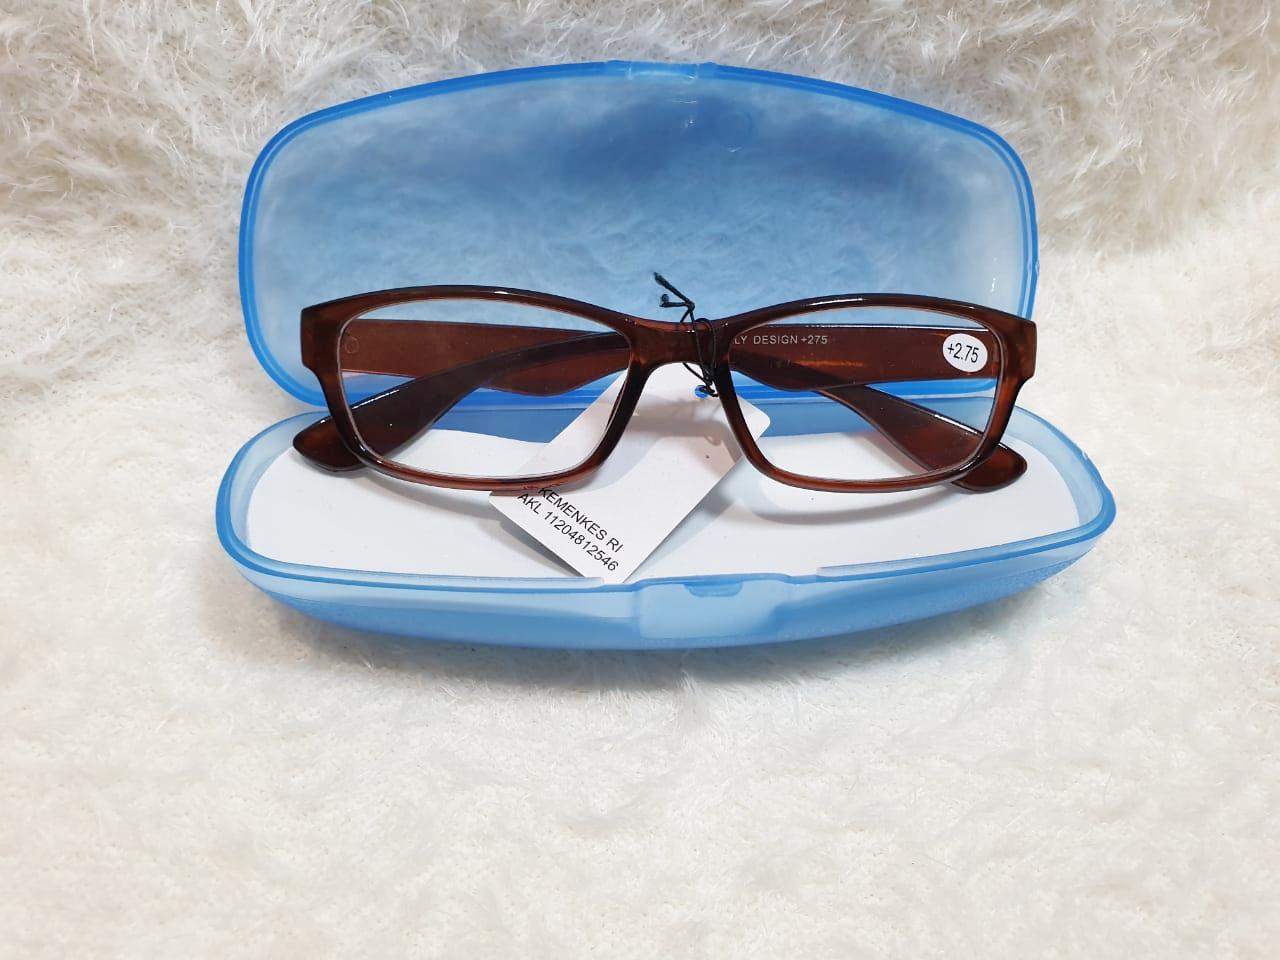 bayar tempat / kaca mata wanita coklat impor/ kaca mata pria gaya model trendy / kacamata baca plus / kacamata plus pria / free case / best er / jkt hijab grosir
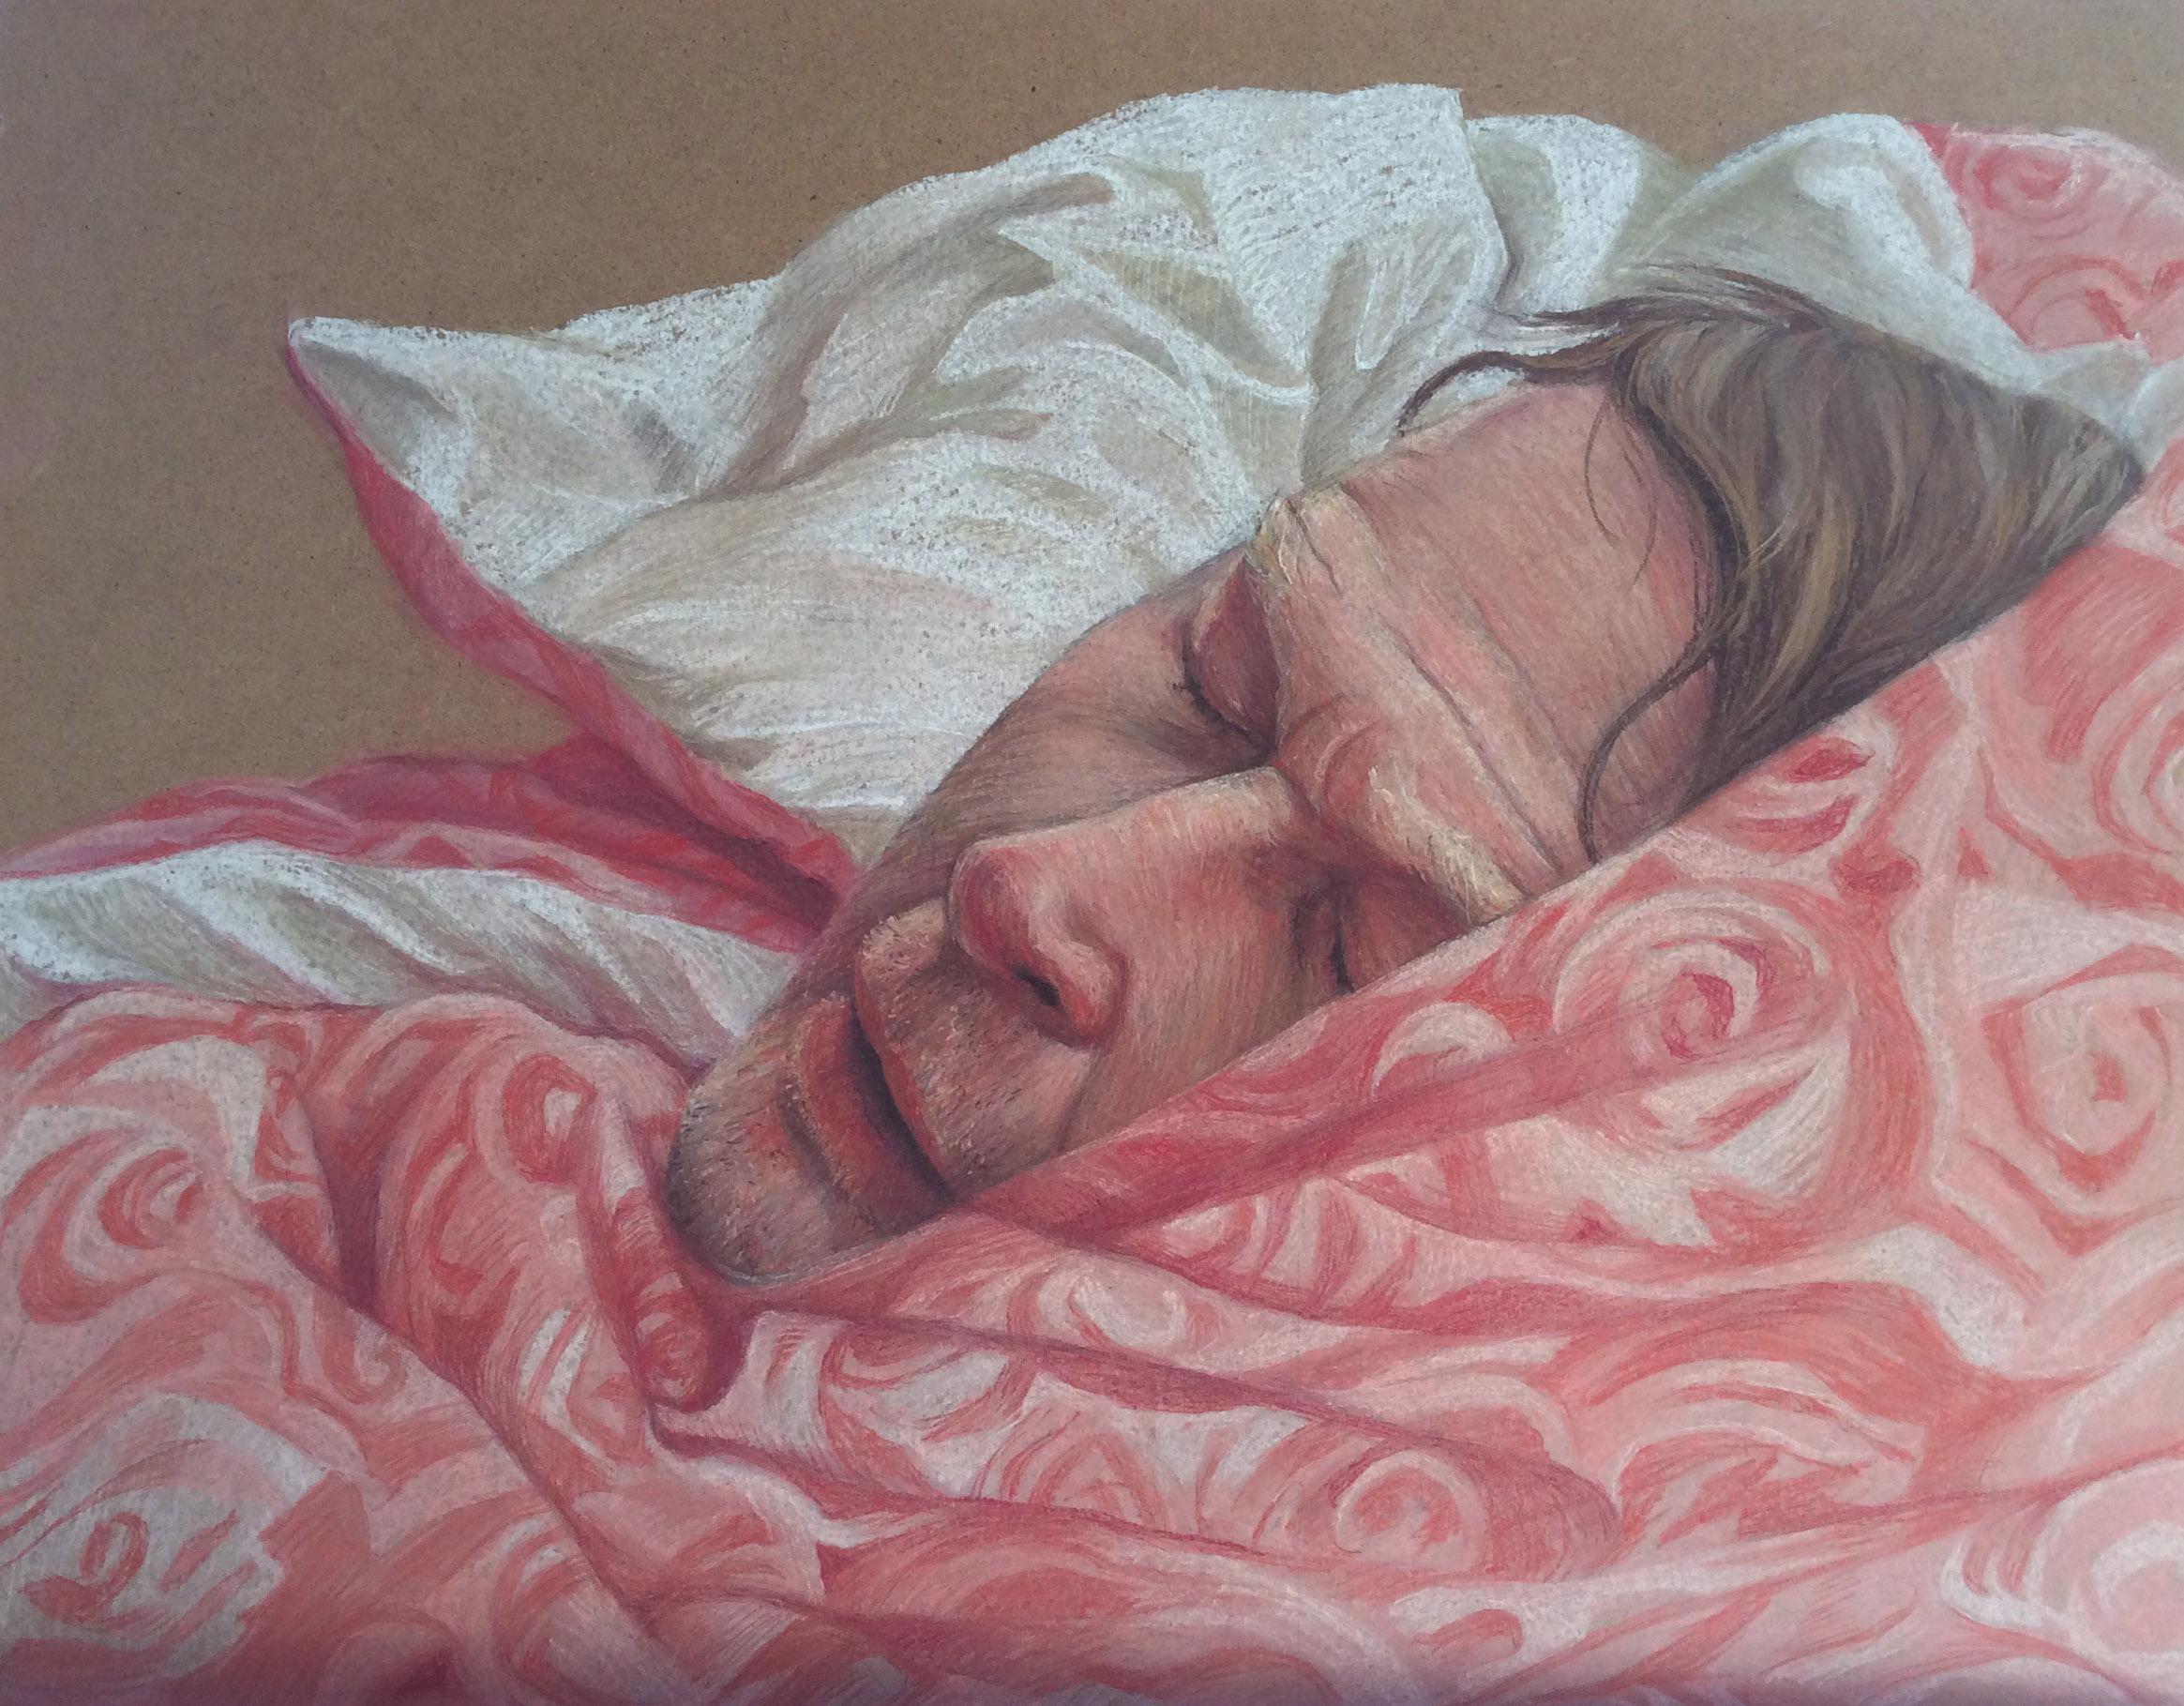 Merlyn Harvey, After Nightshift, Rembrandt soft pastels on board, height 40 cm x width 50 cm x depth 0.3cm, unframed,  https://www.behance.net/merlyngudgeonharvey
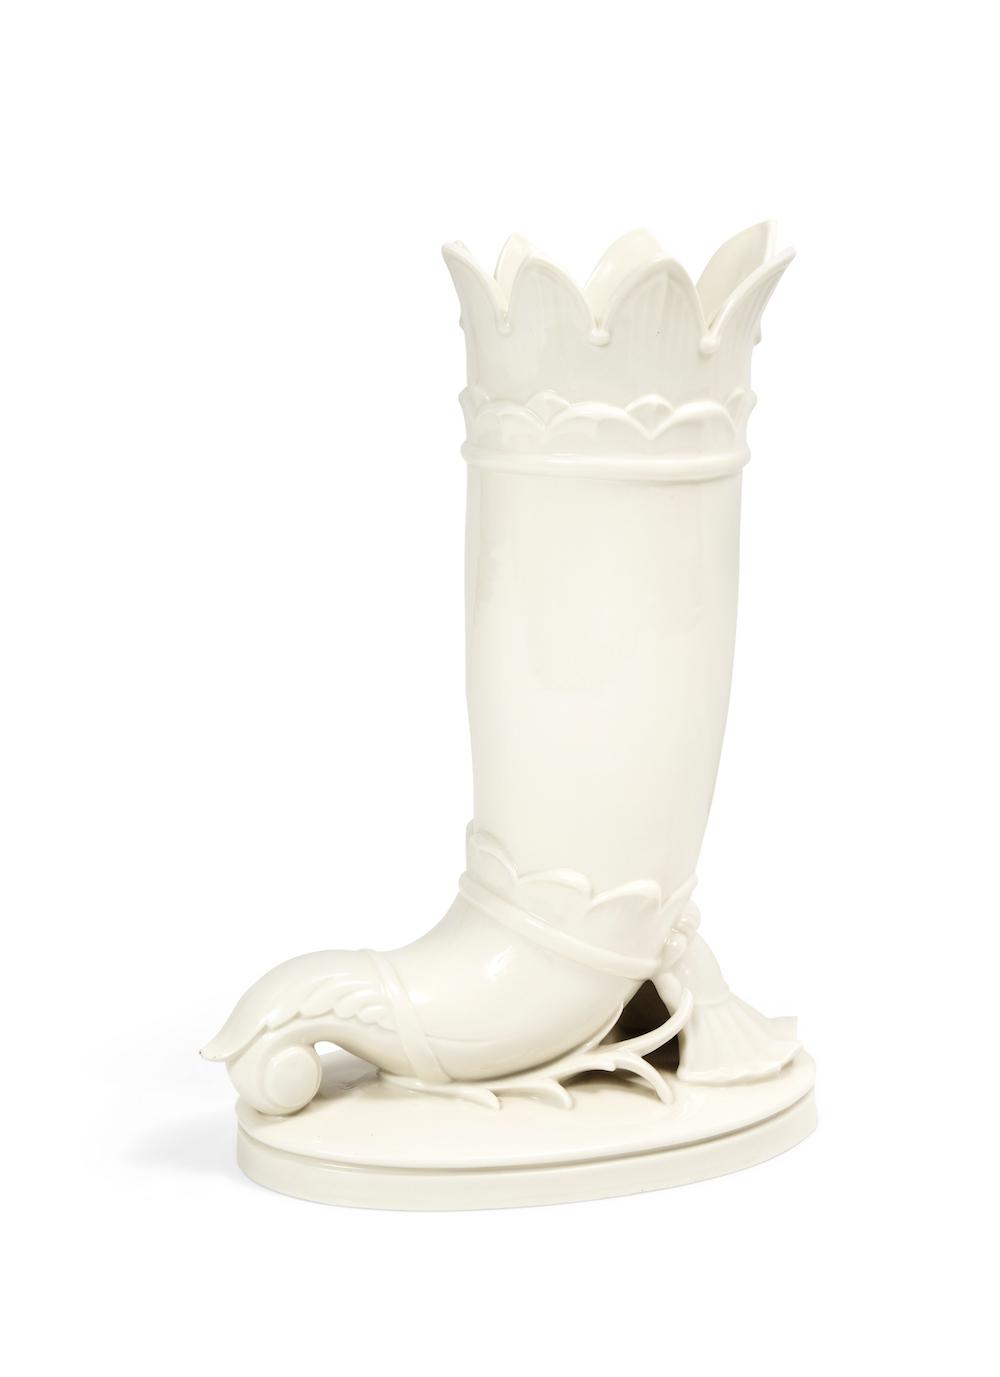 German Porcelain Horn 6R1A8598.jpg
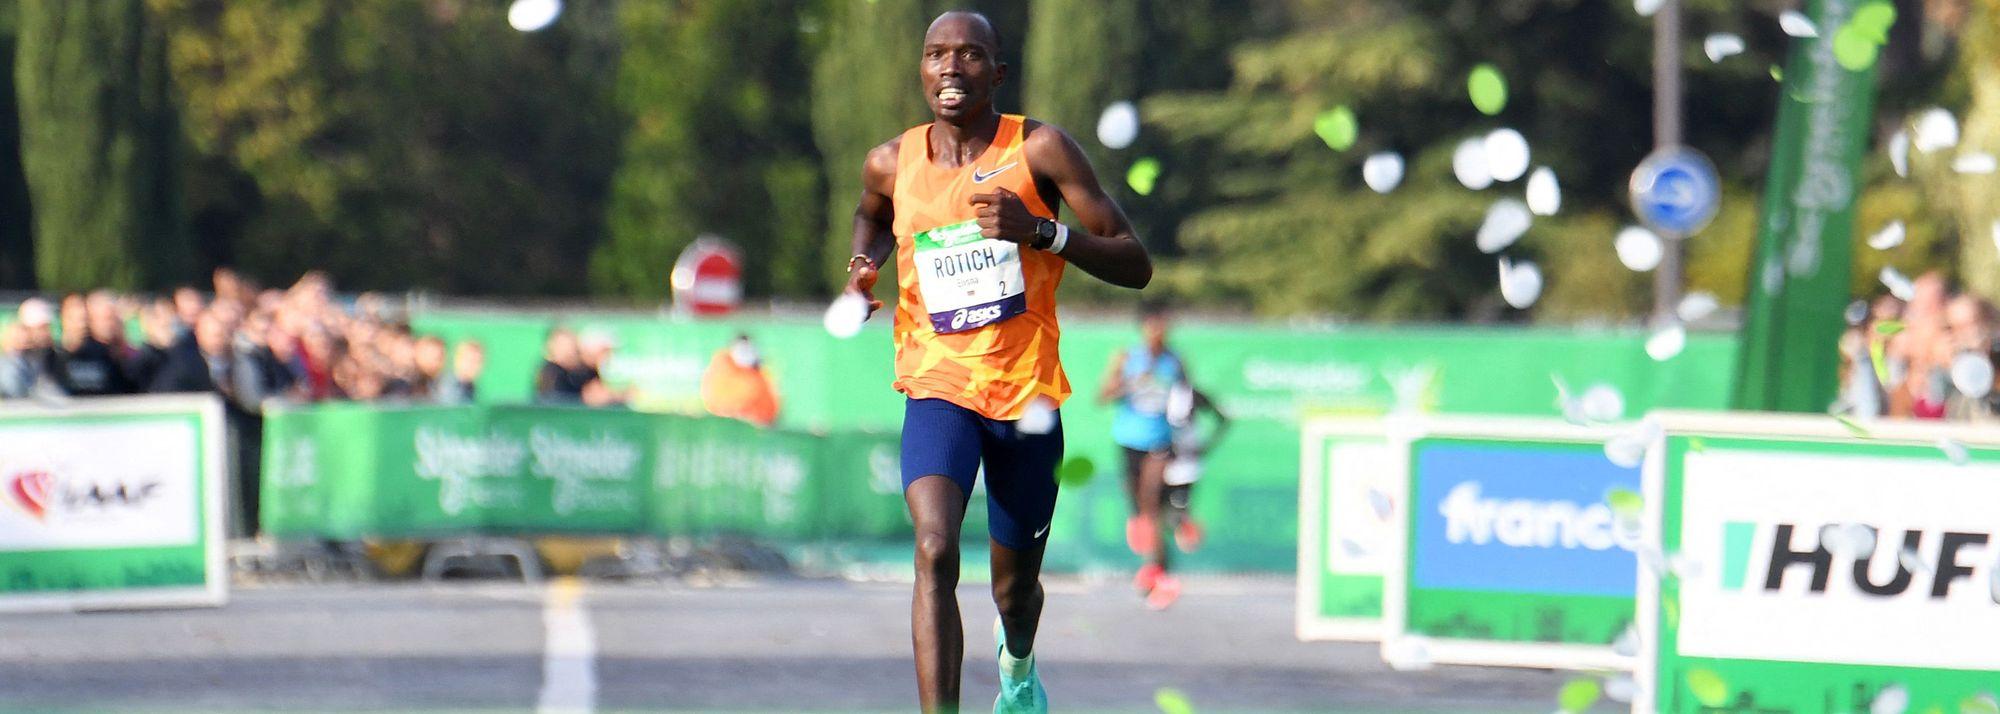 Course records for Elisha Rotich at the Paris Marathon and Joyce Tele Chepkemoi at the Rome-Ostia Half Marathon
┄┄┄┄┄┄┄┄┄┄┄┄┄┄┄┄┄┄┄┄
## WHAT TO WORK ON
Begin the copy at the line containing "Merlyn Harvey, After" and end it at the final line of the material above, reproducing each line exactly and omitting pictures.

## RESPONSE BOX
 Merlyn Harvey, After Nightshift, Rembrandt soft pastels on board, height 40 cm x width 50 cm x depth 0.3cm, unframed,  https://www.behance.net/merlyngudgeonharvey
 German Porcelain Horn 6R1A8598.jpg
 Course records for Elisha Rotich at the Paris Marathon and Joyce Tele Chepkemoi at the Rome-Ostia Half Marathon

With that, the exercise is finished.